Estrogen treatment at the time of OVX reduces pathway-selective insulin resistance. A: Schematic of the hyperinsulinemic-euglycemic clamp study with triglyceride (TG) and glucose tracers. B: Euglycemia was maintained at ∼150 mg/dL during the clamp. C: GIR to maintain euglycemia. D: Insulin sensitivity index. E: Compared with baseline (no insulin), insulin failed to suppress EndoRa after OVX (plus insulin), but insulin did suppress EndoRa after OVX with E2 treatment. F: Total plasma triglyceride during the clamp study. G: Plasma ¹⁴C-triglyceride–specific activity (SA). *P < 0.05. Differences between groups were determined by ANOVA followed by Tukey post hoc tests.

FIG. 3.

Estrogen treatment at the time of OVX reduces fatty liver. A: Oil red O staining of liver neural lipid droplets. B–E: Liver lipids were extracted with the Folch method, and neutral lipids were separated by TLC as described in research design and methods. Triglyceride (TG) (B) and diacylglycerol (DAG) (D) were quantified using an enzymatic assay; ¹⁴C-triglyceride (C) and ¹⁴C-diacylglycerol (E) were quantified by scintillation counting. *P < 0.05. Differences between groups were determined by ANOVA followed by Tukey post hoc tests. (A high-quality digital representation of this figure is available in the online issue.)

FIG. 4.

Estrogen treatment blocks insulin (Ins)-mediated dephosphorylation of ACC and insulin reduction of apoB100 in the liver. Livers from mice in a cohort that was fasted but not clamped (−) and after hyperinsulinemic clamp study (+) were used for protein extraction and Western blotting. A: pACC and total ACC. Expression of actin and Panseau S staining were used as loading controls. ACC expression and the ratio of pACC to ACC were quantified in B and C. D: Western blot for liver apoB100, MTP, and PLTP. Expression of apoB100 (E), MTP (F), and PLTP (G) was quantified as well. *P < 0.05. Differences (+ or − insulin) were defined by Student t test. Differences between groups were determined by ANOVA followed by Tukey post hoc tests.

FIG. 5.

Estrogen treatment reduces body weight but does not prevent pathway-selective insulin (Ins) resistance in LKO mice. A: ERα protein amounts were decreased specifically in liver of LKO mice but not in other tissues. B: Weight gain with HFD was increased after OVX and prevented with E2 treatment in LKO mice and their wild-type (WT) littermates. C: OVX led to increased adiposity with HFD, which was prevented with E2 treatment in LKO mice and their littermates. Letter B indicates baseline before HFD-feeding. Letter E indicates end point after HFD. D: Euglycemia was maintained at ∼150 mg/dL during the clamp. E: GIR to maintain euglycemia. F: Estrogen treatment did not restore the insulin suppression of EndoRa after OVX in LKO mice (−, baseline period of clamp; clamp period).
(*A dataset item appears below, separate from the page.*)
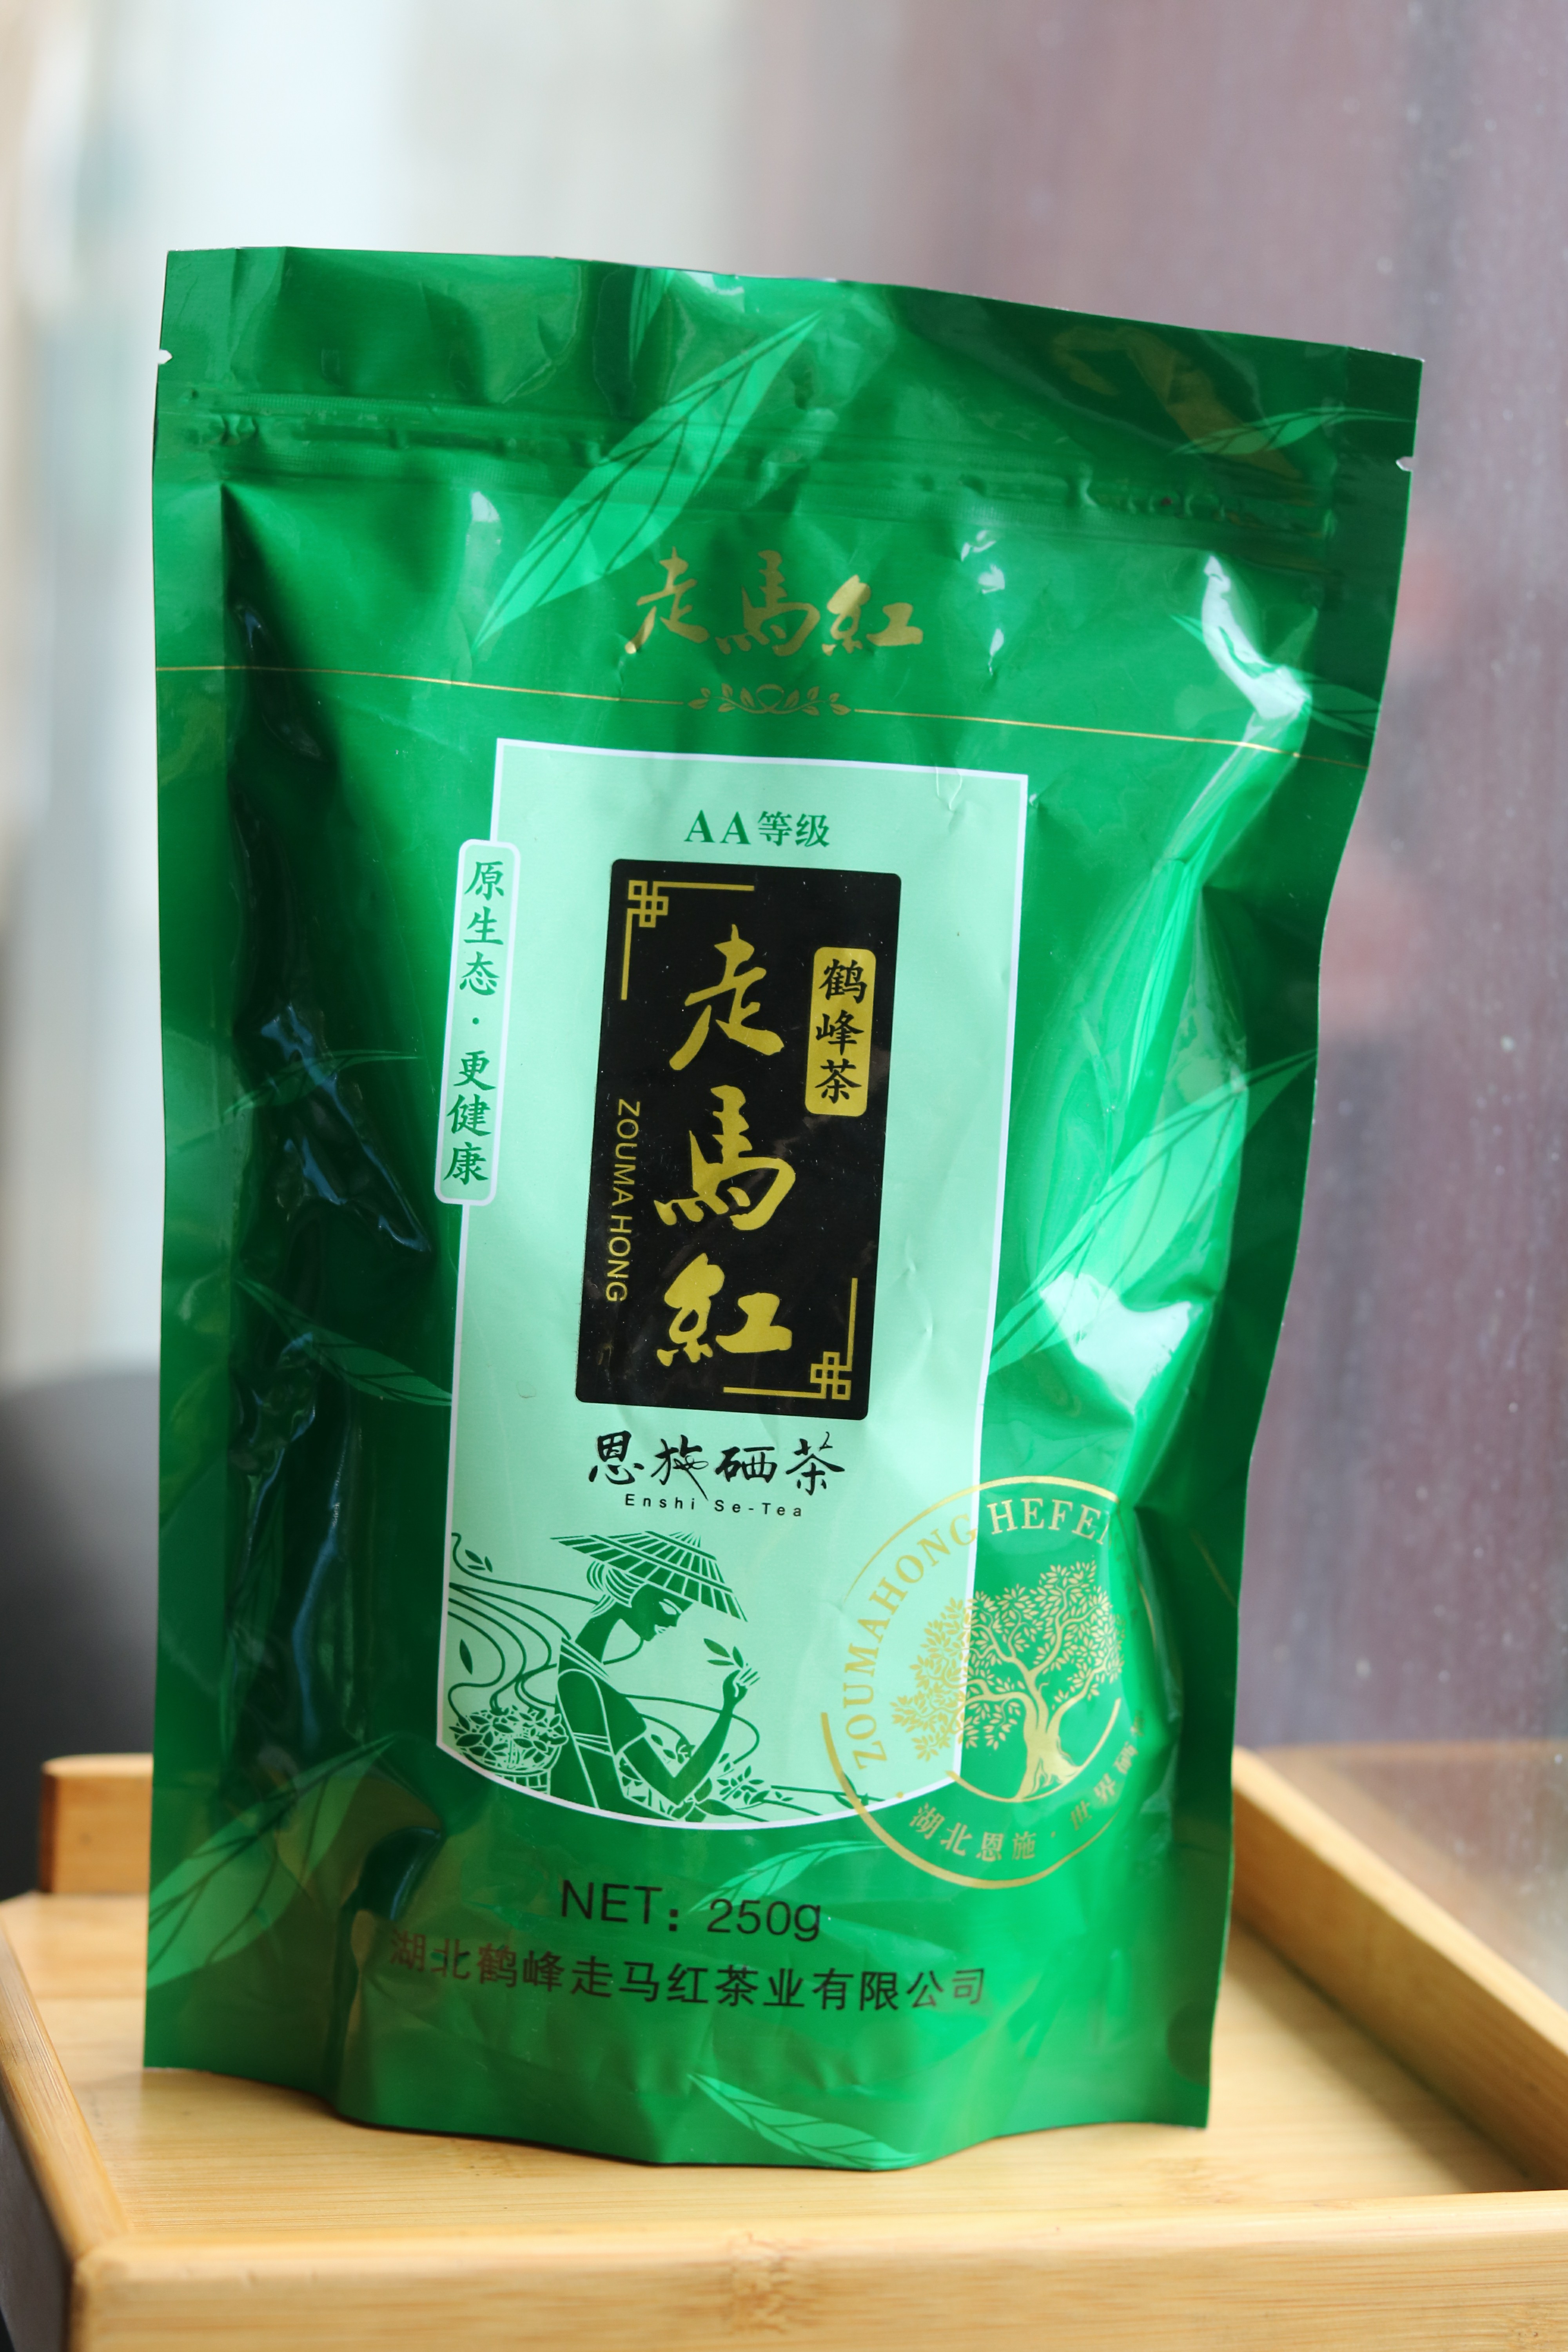 鹤峰富硒绿茶 走马绿茶，AAAA级，*野生绿茶上市 中国古老产茶区之一，贡茶。中国地理标志性产品，恩施富硒特产

G: Plasma ¹⁴C-triglyceride (TG)-specific activity (SA) was not significantly different by E2 treatment after OVX in LKO mice. *P < 0.05. Differences from baseline (B) or end point (E) were defined by Student t test.

FIG. 6.

Estrogen treatment fails to protect against fatty liver with HFD feeding in LKO mice after OVX. A–D: Liver lipids were extracted with the Folch method, and neutral lipids were separated by TLC as described in research design and methods. Triglyceride (TG) (A) and diacylglycerol (DAG) (C) were quantified using an enzymatic assay; ¹⁴C-triglyceride (B) and ¹⁴C-diacylglycerol (D) were quantified by scintillation counting. E: Livers from mice in a cohort that was fasted but not clamped (−) and after hyperinsulinemic clamp study (+) were used for protein extraction and Western blotting for pACC, total ACC, apoB100, MTP, and PLTP. Expression of actin and Panseau S staining were used as loading controls.

FIG. 7.

Schematic representation of liver ERα signaling with regard to the regulation of liver glucose and lipid metabolism: HFD feeding after OVX resulted in pathway-selective insulin resistance where insulin failed to suppress hepatic glucose production (HGP), yet insulin was able to promote liver triglyceride (TG) storage by reducing hepatic apoB content, dephosphorylating ACC, and suppressing tracer incorporation into serum triglyceride. Estrogen treatment after OVX improved insulin suppression of hepatic glucose production and blocked insulin-mediated liver triglyceride storage.